The Cabaret Crusades
Curated by AGYU Director Philip Monk
The West knows the Crusades through its own history, and lore that has suffused our culture, but here the story is told from the Arab point of view, which spoke of the Crusades, beginning in 1096 and lasting two centuries, as “the Frankish invasions.” The series is based on the book The Crusades through Arab Eyes, by Lebanese writer Amin Maalouf, amongst other sources. Not only told from the Arab point of view (in Arabic with English subtitles), the story is performed by puppets. One soon realizes that a violent history actually can be told effectively and movingly through puppets and even be given the Hollywood treatment—in HD and surround sound.
The two films abbreviate the history of the Crusades to a number of key episodes. The Horror Show File starts with Pope Urban II’s advocacy of the Crusades in 1095 at the Council of Clermont, in response to an appeal by Byzantine Emperor Alexios I Komnenos, and ends with the fall of Jerusalem in 1099. Along the way we are witness to massacres and betrayals as the Crusaders ransack and conquer their way to Jerusalem.

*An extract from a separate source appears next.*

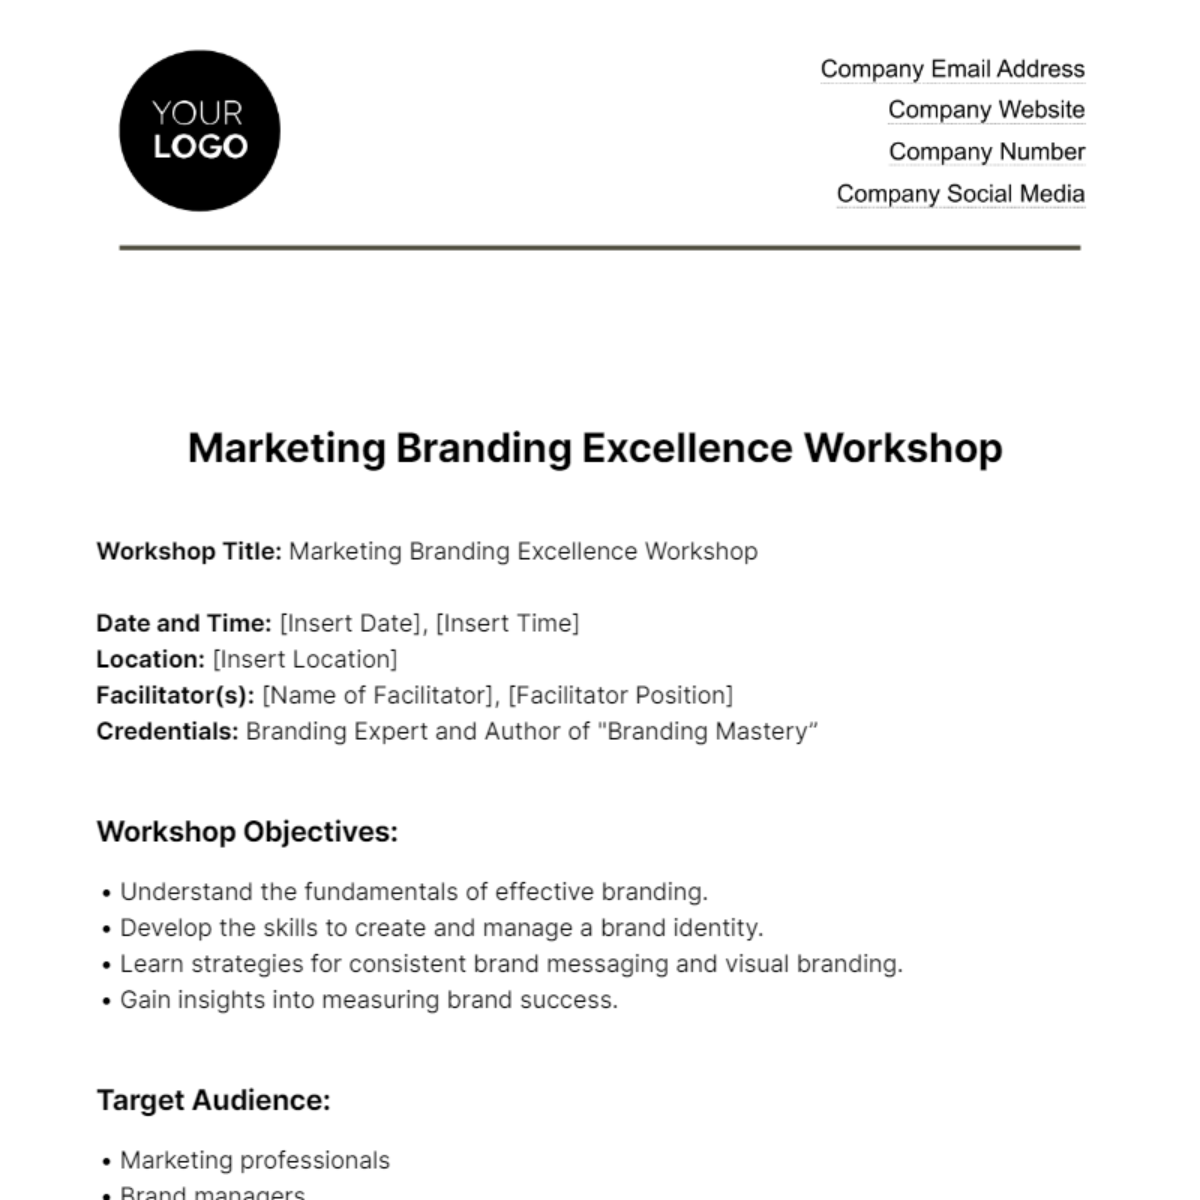 Marketing Branding Workshop Outline Template

The Path to Cairo opens with the Crusaders in control of Jerusalem and continues through a fifty-year period of continuing strife until the first counter Arab victory by Zangi at Edessa in 1144 and his murder in 1146. All through this confusing period, where the action passes between Damascus, Baghdad, Tripoli, Antioch, Aleppo, Homs, and Edessa, we witness internecine conflict between various Arab rulers (assassinations or refusal of assistance) and strange alliances between Franks and Arabs. (The city names listed here betoken the relevance of this story of the Crusades to present day Middle Eastern politics.)
The Horror Show File (31:49) was made in Italy using a collection of hundreds of antique wooden marionettes that were 200-years old. The Path to Cairo (60:00) was made in Provence and involved the making of original ceramic marionettes. Sets here also more complex, based on Arab and Persian medieval miniatures, and music and song play a strong role, in part discriminating the Shia and Sunni characters.
Wael Shawky, born 1971 in Alexandria, lived in Mecca, Saudi Arabia, until he moved with his family back to Egypt when he was fourteen. He received his BFA from the Faculty of Fine Arts, Alexandria University in 1994 and his MFA from the Graduate School of Fine Arts, University of Pennsylvania, Philadelphia, in 2001. He is a veteran of many international biennials including most recently Sharjah Biennial 11. Recent exhibitions include Al Araba Al Madfuna at KW Institute for Contemporary Art in Berlin (2012). Upcoming exhibitions include the Serpentine Gallery, London, and MoMA PS1, New York. In 2010, he established MASS Alexandria, an academy for young artists.